Only the pictures should be left out; write out all other data exactly.

-------- Supplied material --------

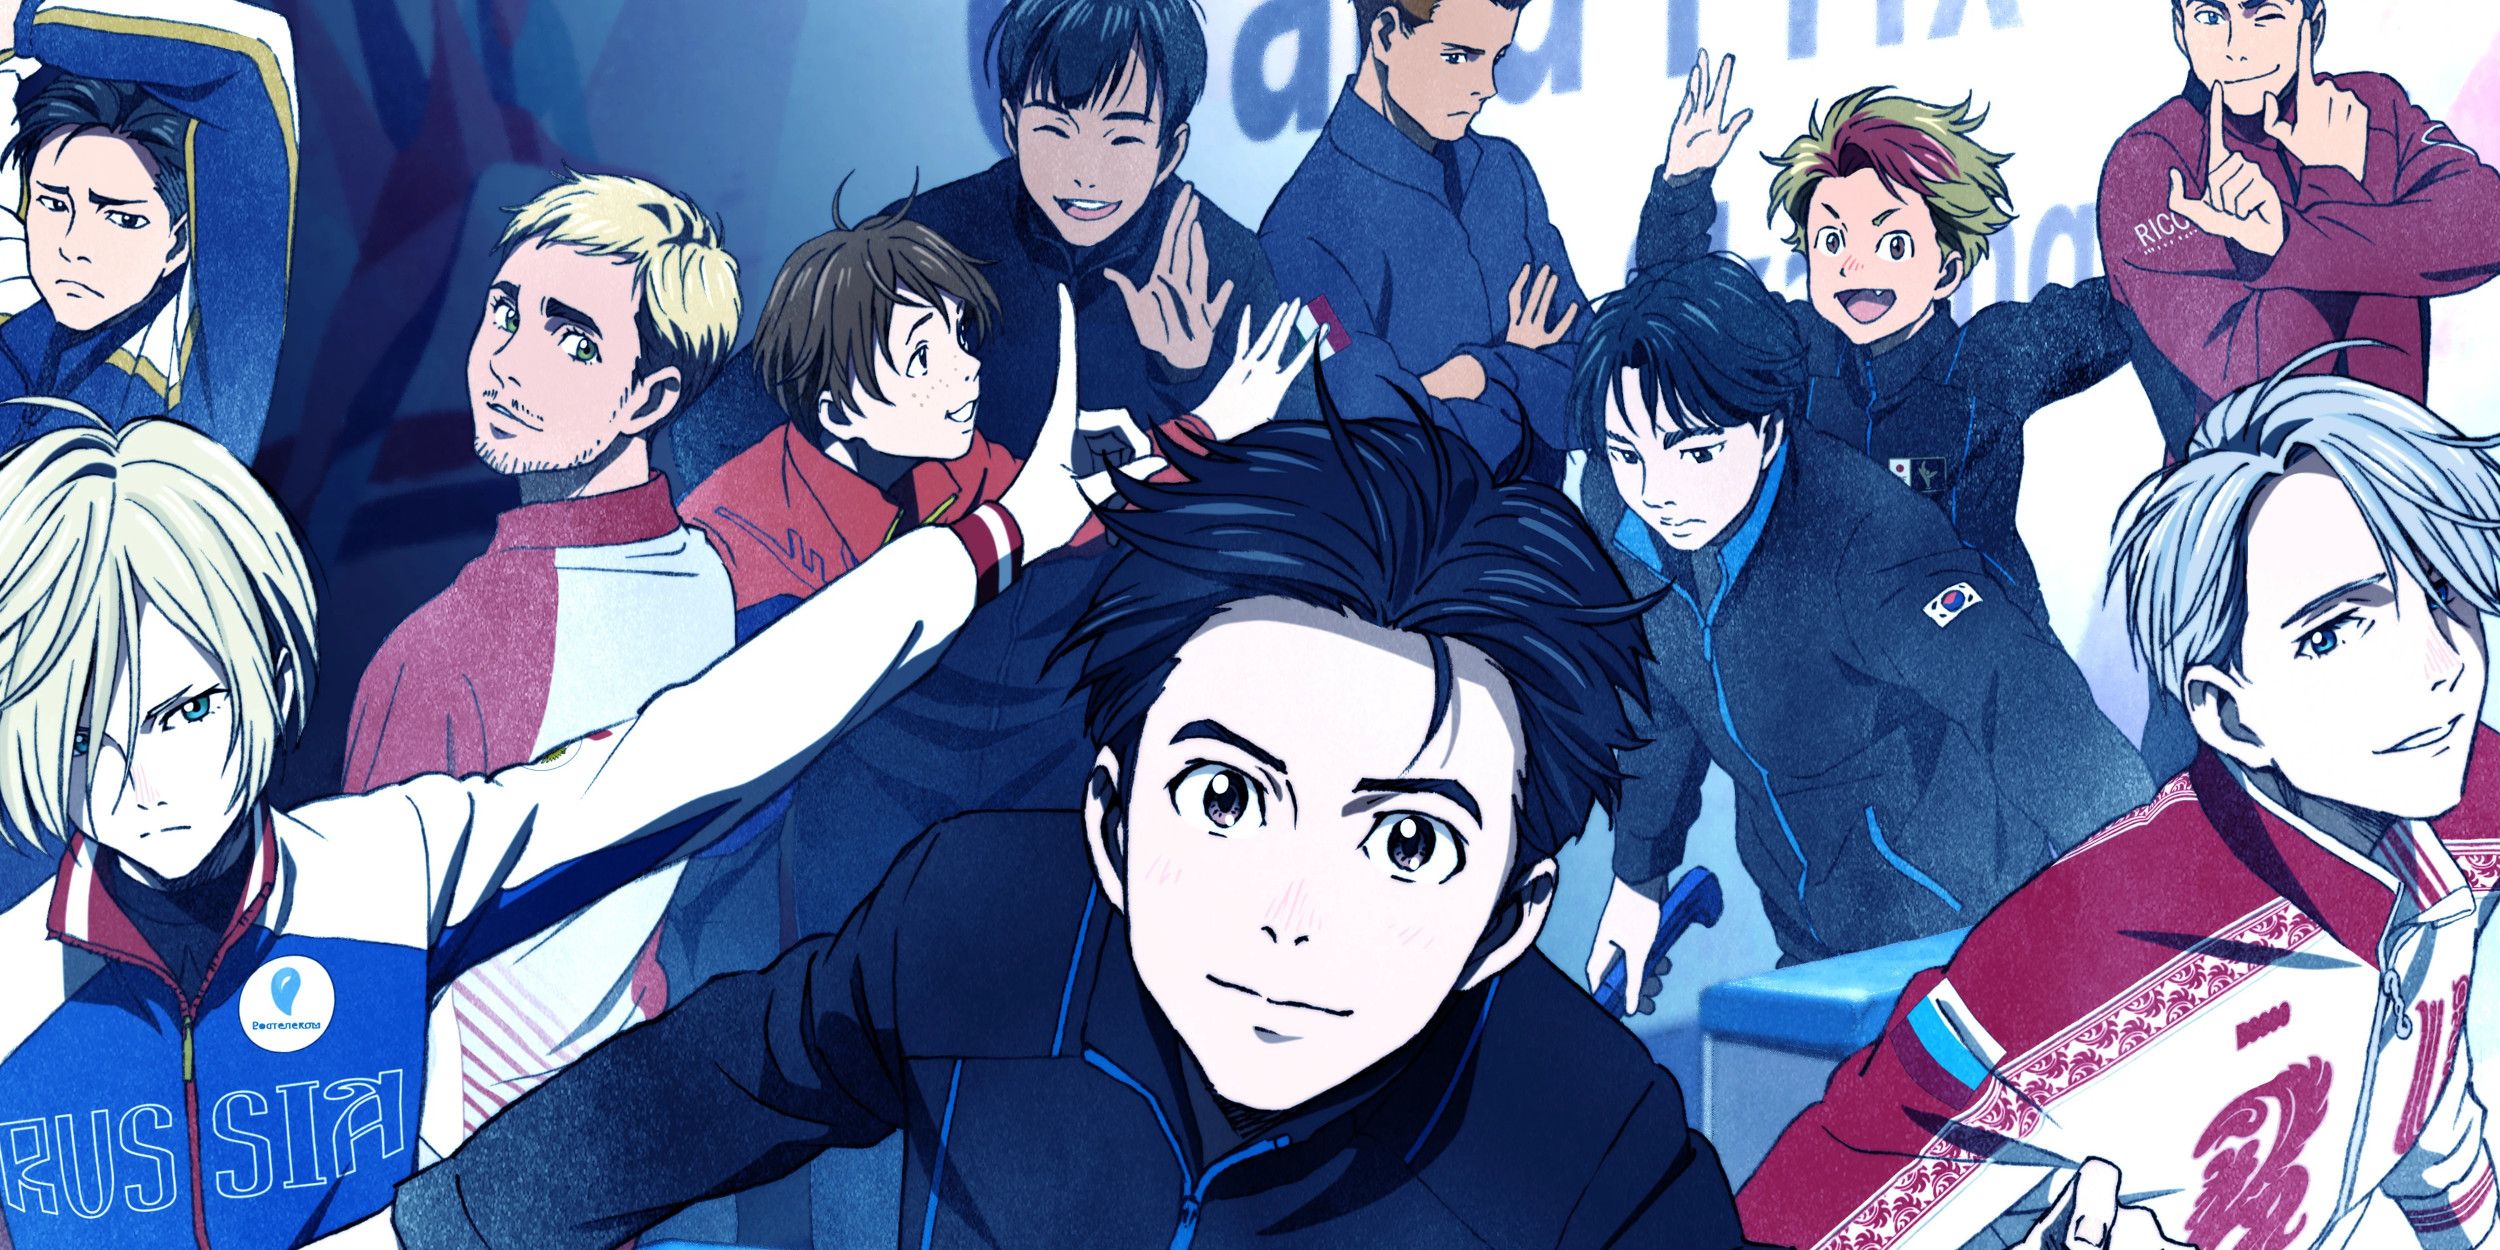 Promitional image for Yuri On Ice, showing most of the main cast
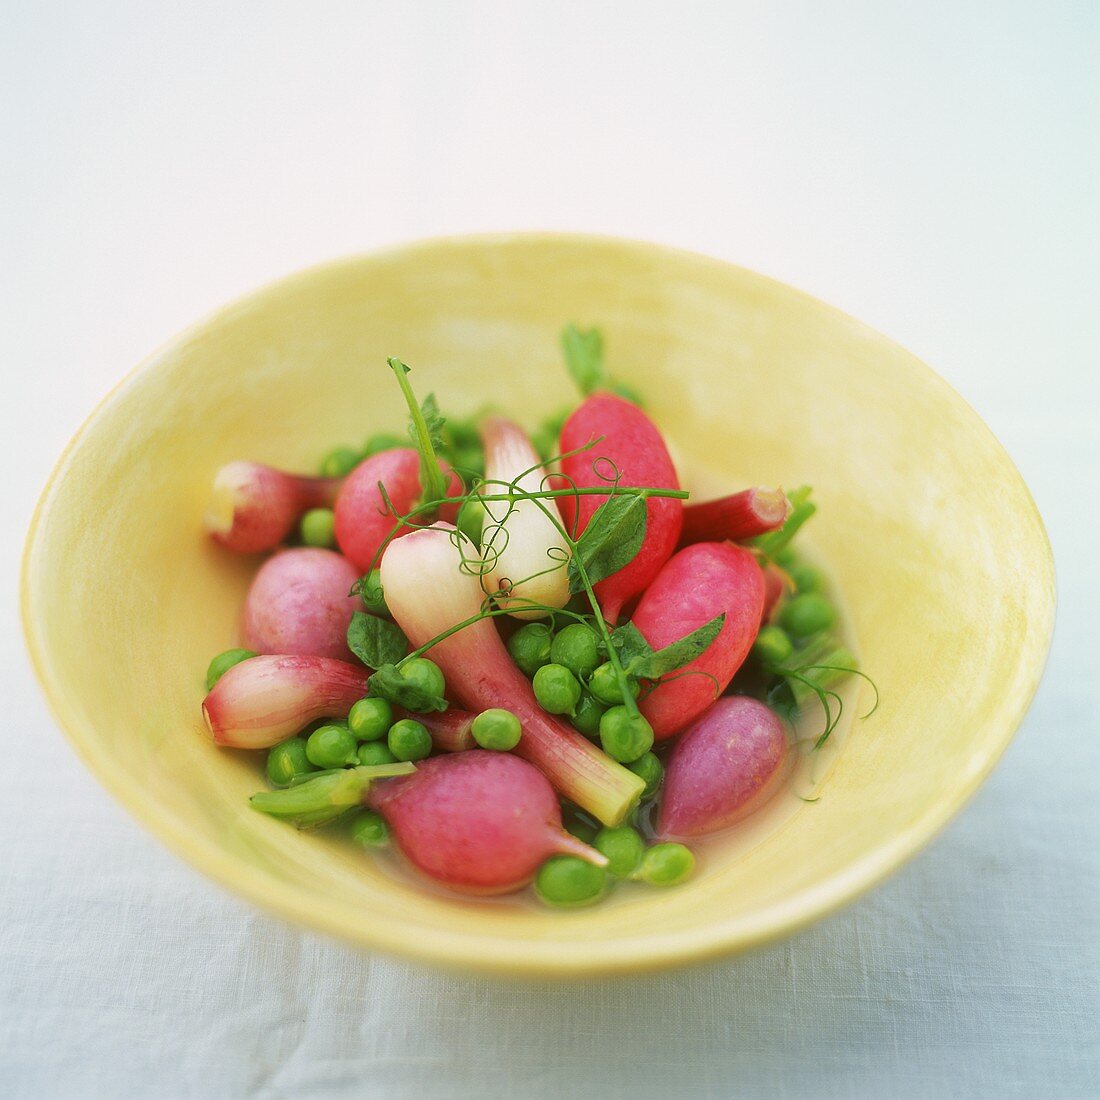 Pea and radish salad with spring onions
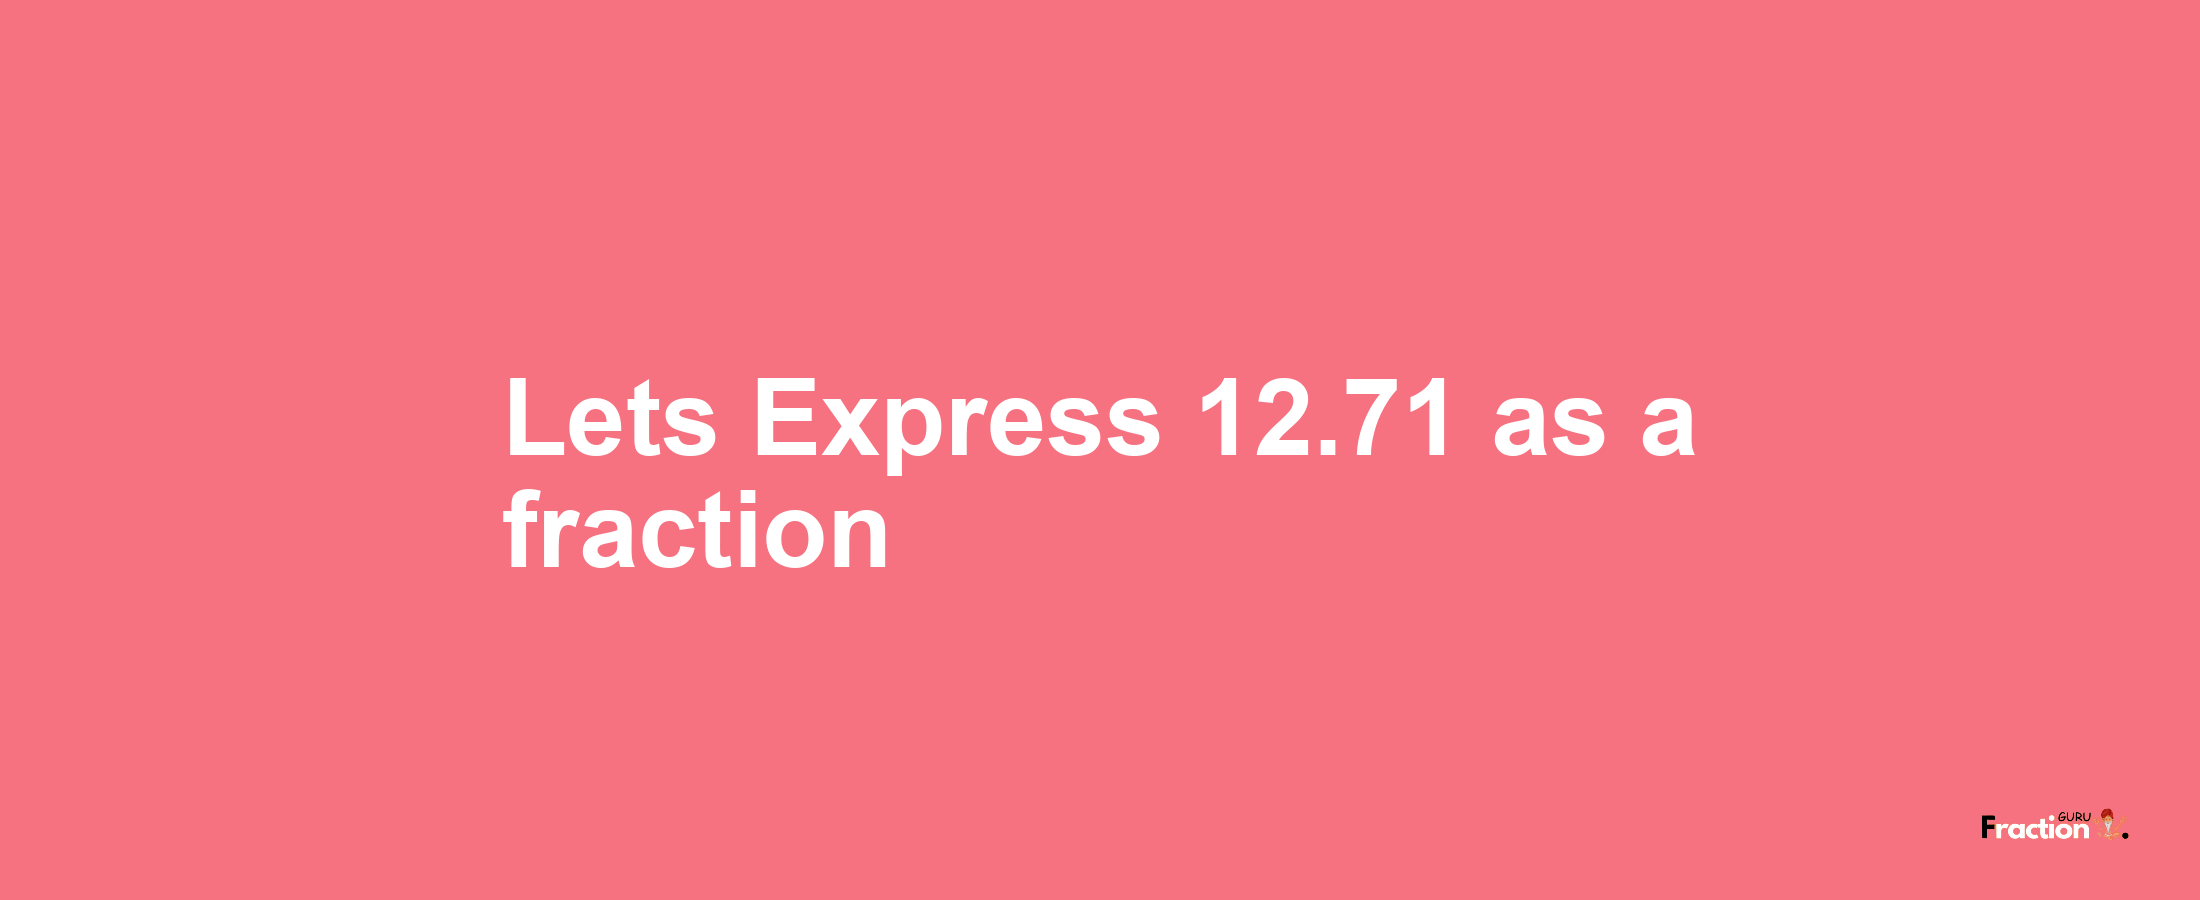 Lets Express 12.71 as afraction
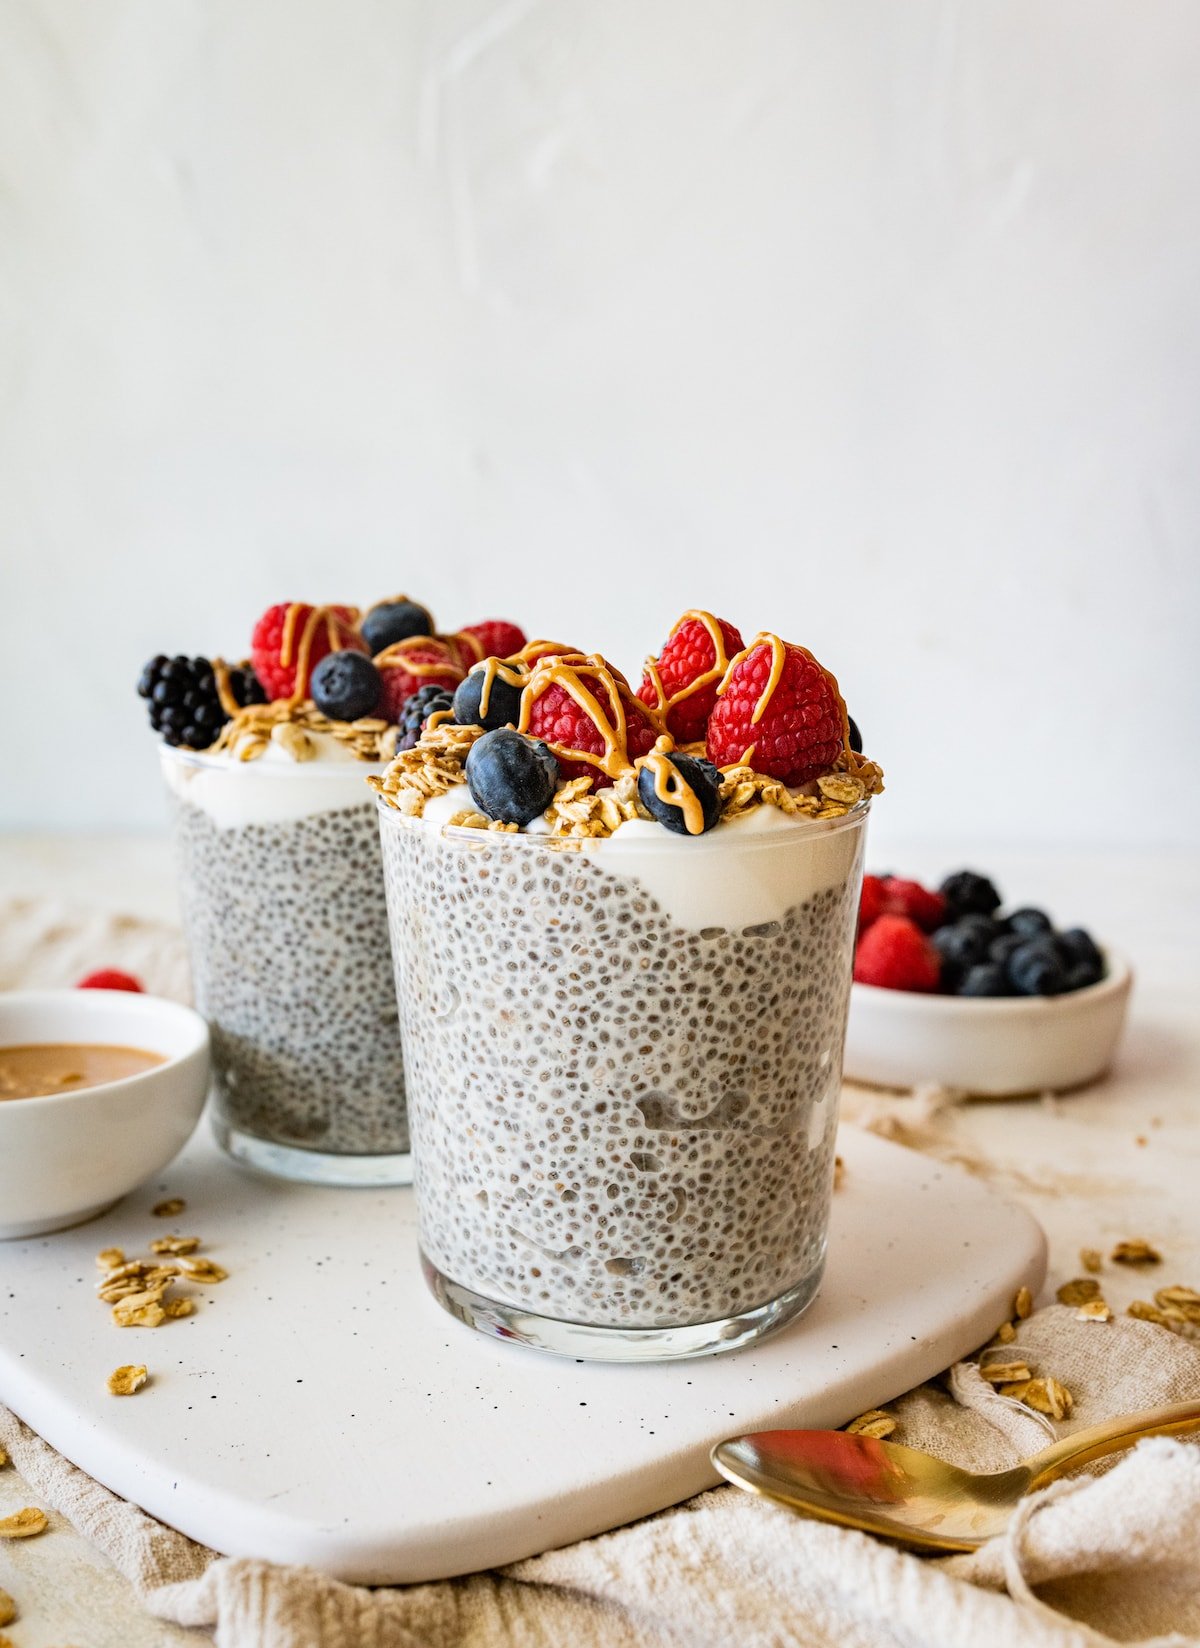 Two protein chia pudding jars topped with fresh raspberries, blueberries, blackberries, greek yogurt and a drizzle of nut butter.

--------

### Solution below
 Promitional image for Yuri On Ice, showing most of the main cast
 Pea and radish salad with spring onions
 Lets Express 12.71 as afraction
 Two protein chia pudding jars topped with fresh raspberries, blueberries, blackberries, greek yogurt and a drizzle of nut butter.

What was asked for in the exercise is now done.